Passage of the Labyrinth Captcha on Javascript
There is a not very well-known browser game. The gameplay in it is very simple and monotonous, which contributes to the appearance of bots. To combat them, a captcha was introduced into the game, occasionally crawling out during battle. 50 seconds are given for guessing, if you guess for 20, then they will give an additional bonus. Captcha two types: "Guess the pony" and "Pass the labyrinth". I didn’t usually have problems with guessing ponies, but going through a maze in 20 seconds is not always a trivial task. And I thought, is it possible to write Userscript, which would independently go through the maze and tell me the correct answer ...
The first thing to start with is gathering information. We cause the maze to appear, climb into the source code, and see what is there and how. There we find the inserted image, and we learn two things: first, the image is on the same domain as the toy itself. This makes it easy to work with canvas. Secondly, it is in the form with id = "riddleform", which is the first image. In the same form is another image.
Disclaimer: jQuery is used in the script. Throwing boots optional; I know that connecting jQuery in order to pull out one image is not a good use of it. The fact is that this script was planned as part of another, in which jQuery was already used.
Start writing code
')
As a result, we have the variable data, in which the image is loaded. We stop.
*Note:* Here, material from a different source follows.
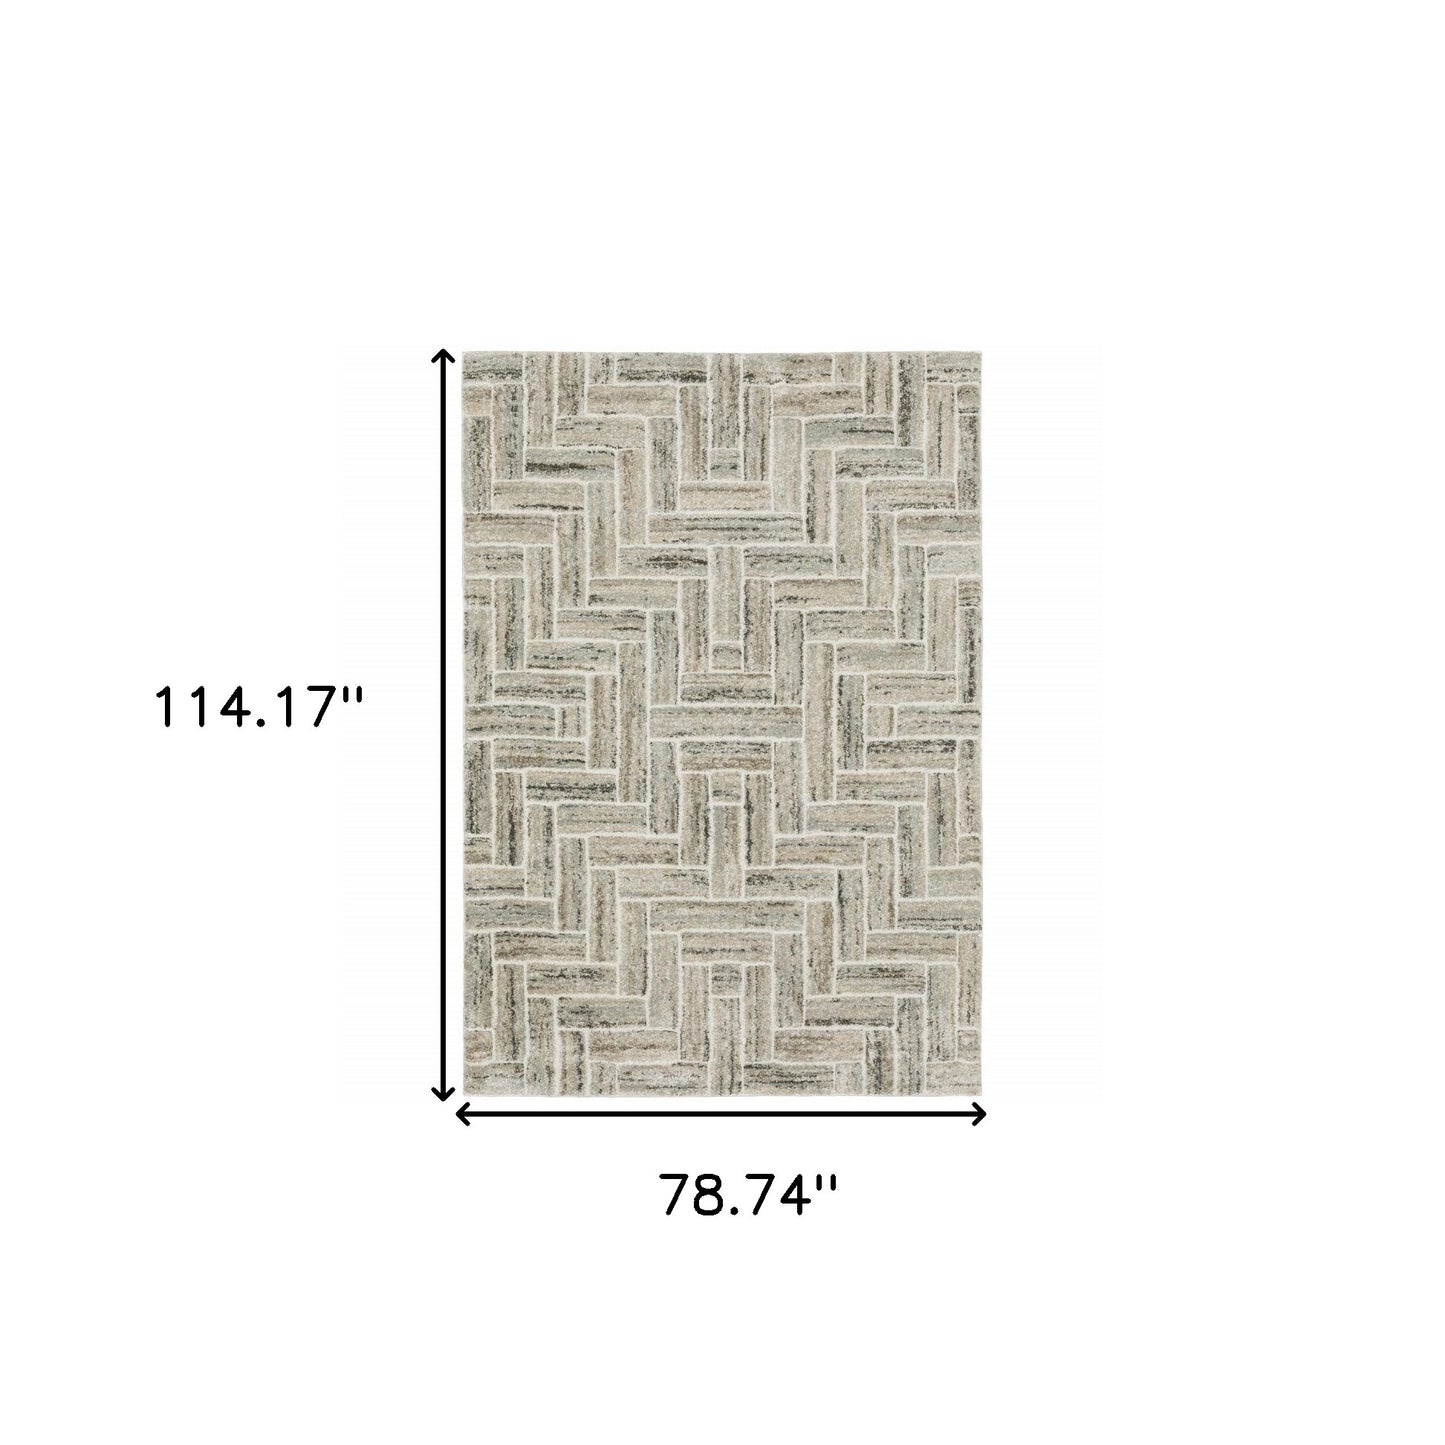 6' X 9' Ivory Beige Grey Brown Pale Blue And Charcoal Geometric Power Loom Stain Resistant Area Rug

We begin to collect images of mazes and save them.
All images have an address of the form " hentaiverse.org/riddlemaster.php?uid= [here is the user's ID, the same for all images] & v = [here, apparently, md5 hash]". For example, " hentaiverse.org/riddlemaster.php?uid=123456&v=834a6b57de2d4e6d777478d7c2803d664293e7ec ".
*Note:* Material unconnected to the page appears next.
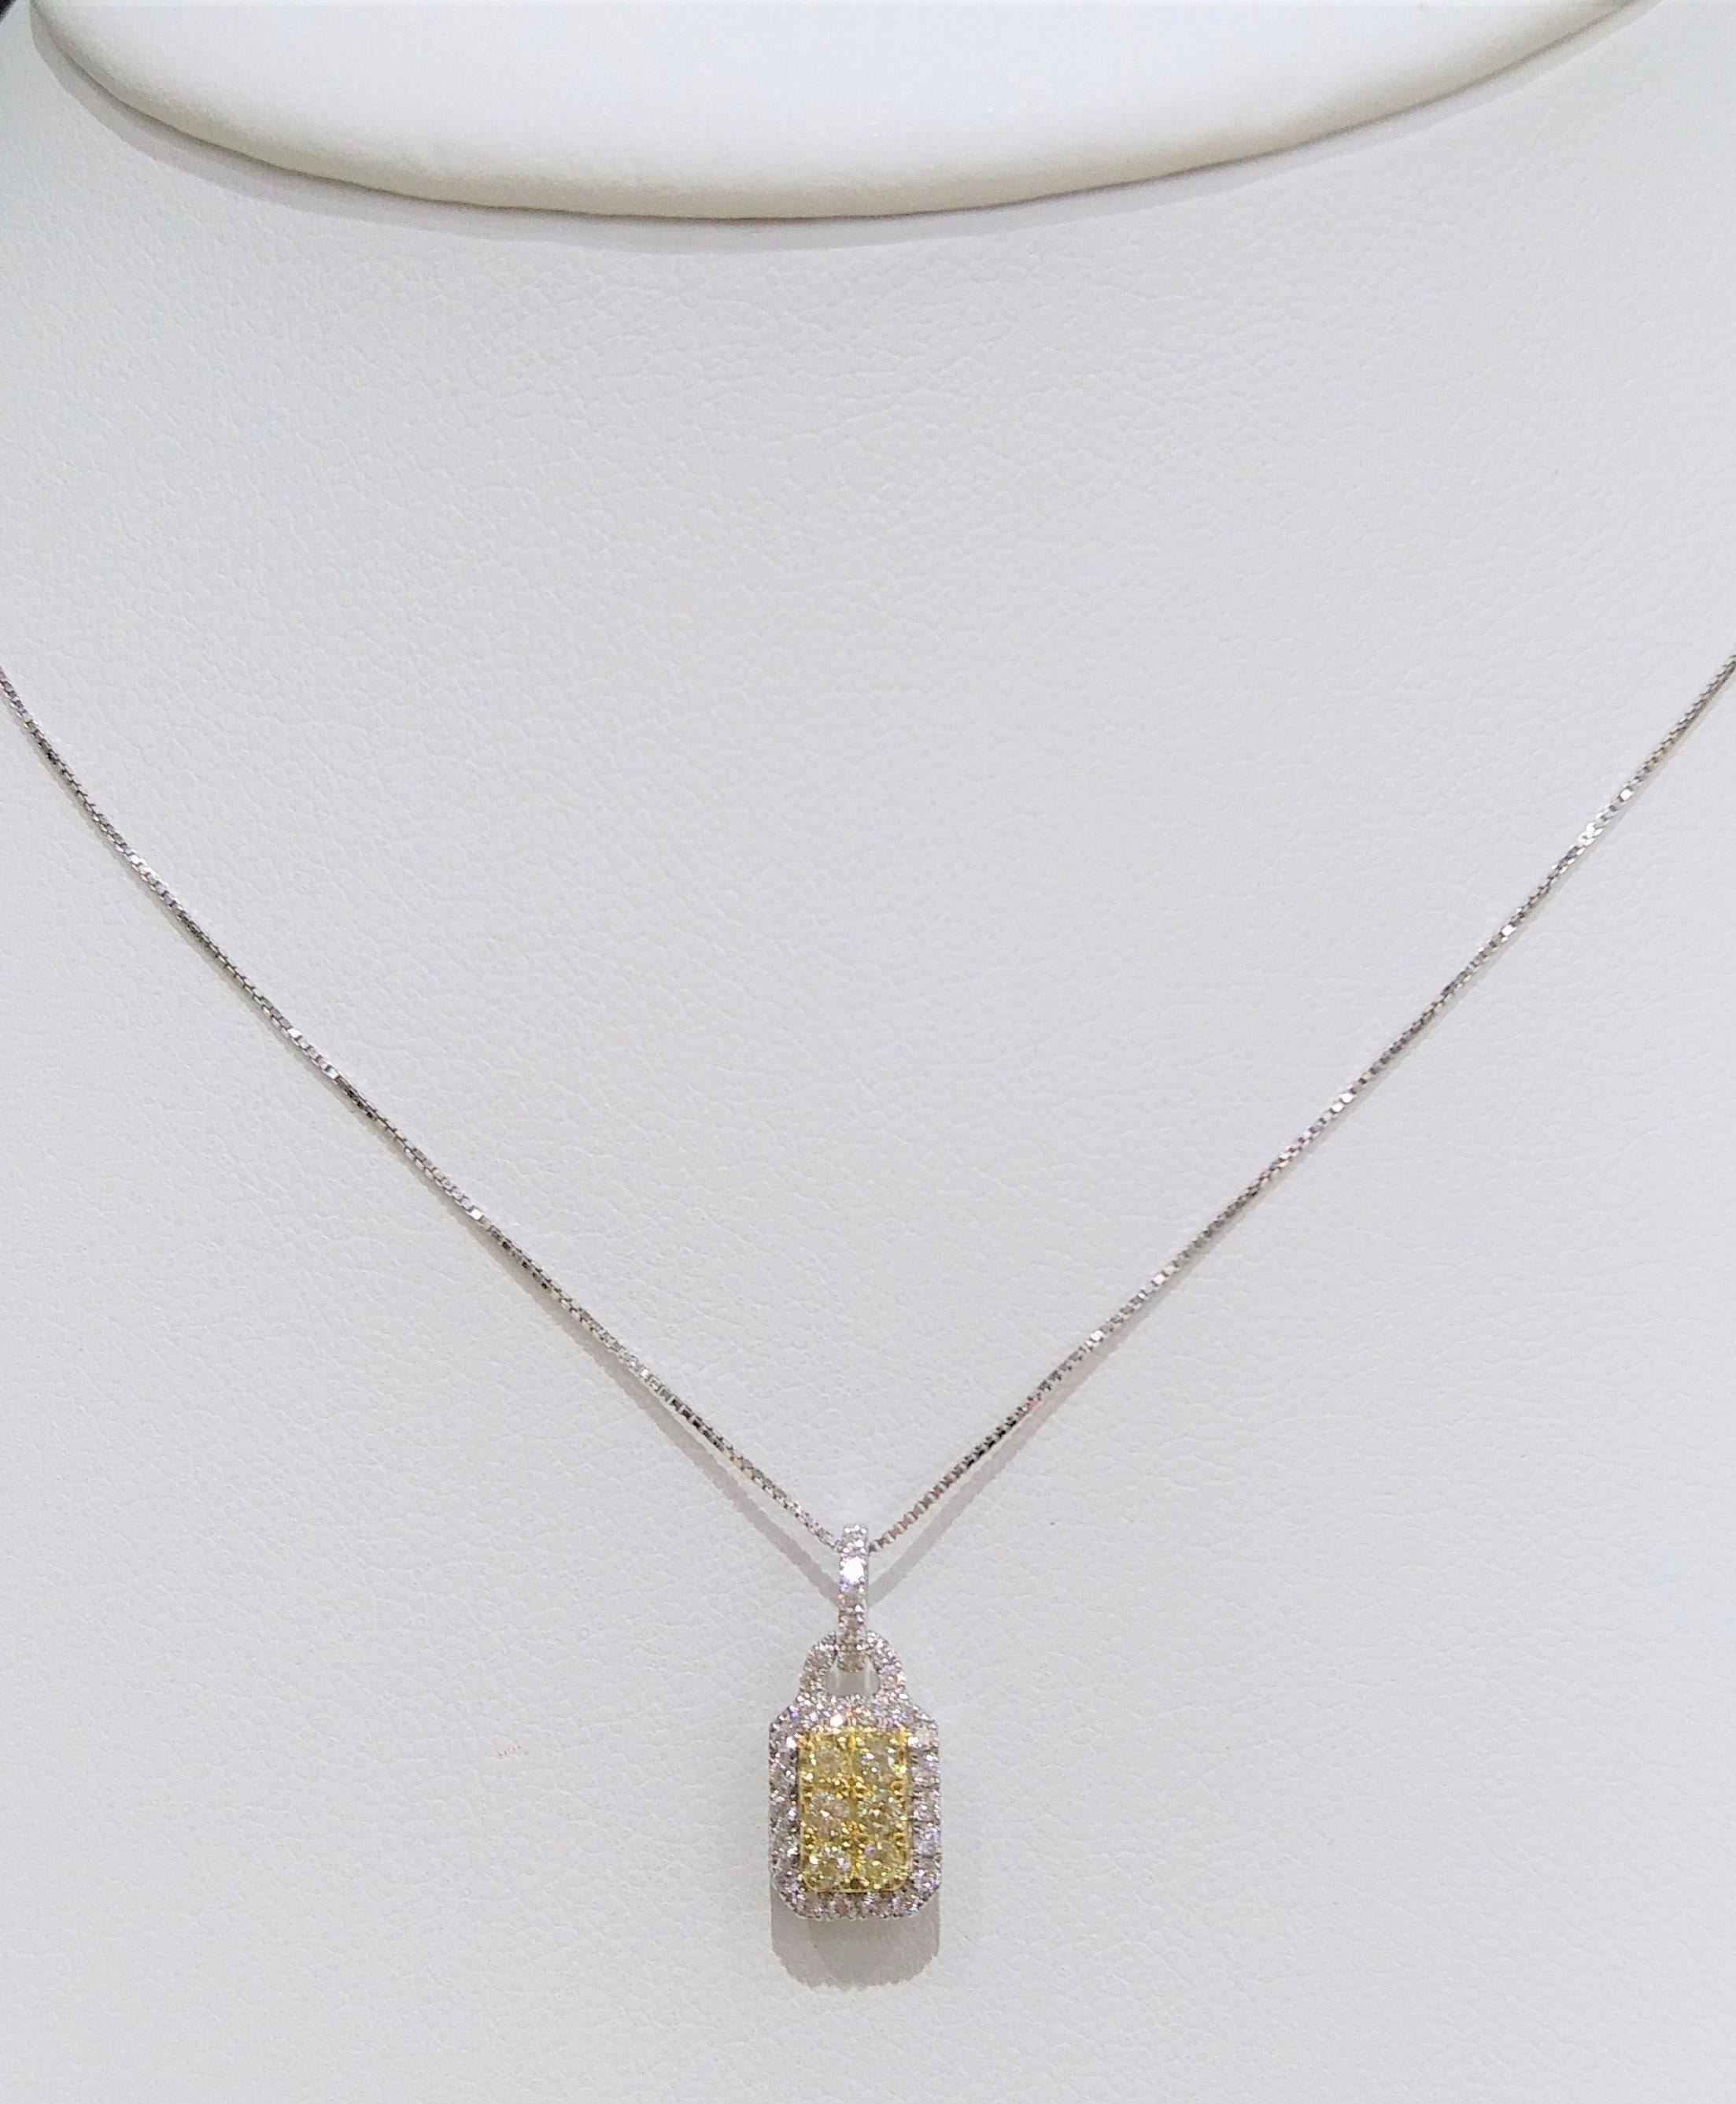 Round Cut Yellow Diamond Pendant Necklace with platinum Chain For Sale

After collecting about ten pictures, open them and begin to consider them.
(Images reduced)
So, the image is noisy, it may or may not pass through a bright triangle, which occupies the lower left corner, and a dark triangle, which occupies the upper left corner. Both may be present. There may not be one. Entry and exits are always in the same place. All images are the same size (615x615), and they are all in jpg format.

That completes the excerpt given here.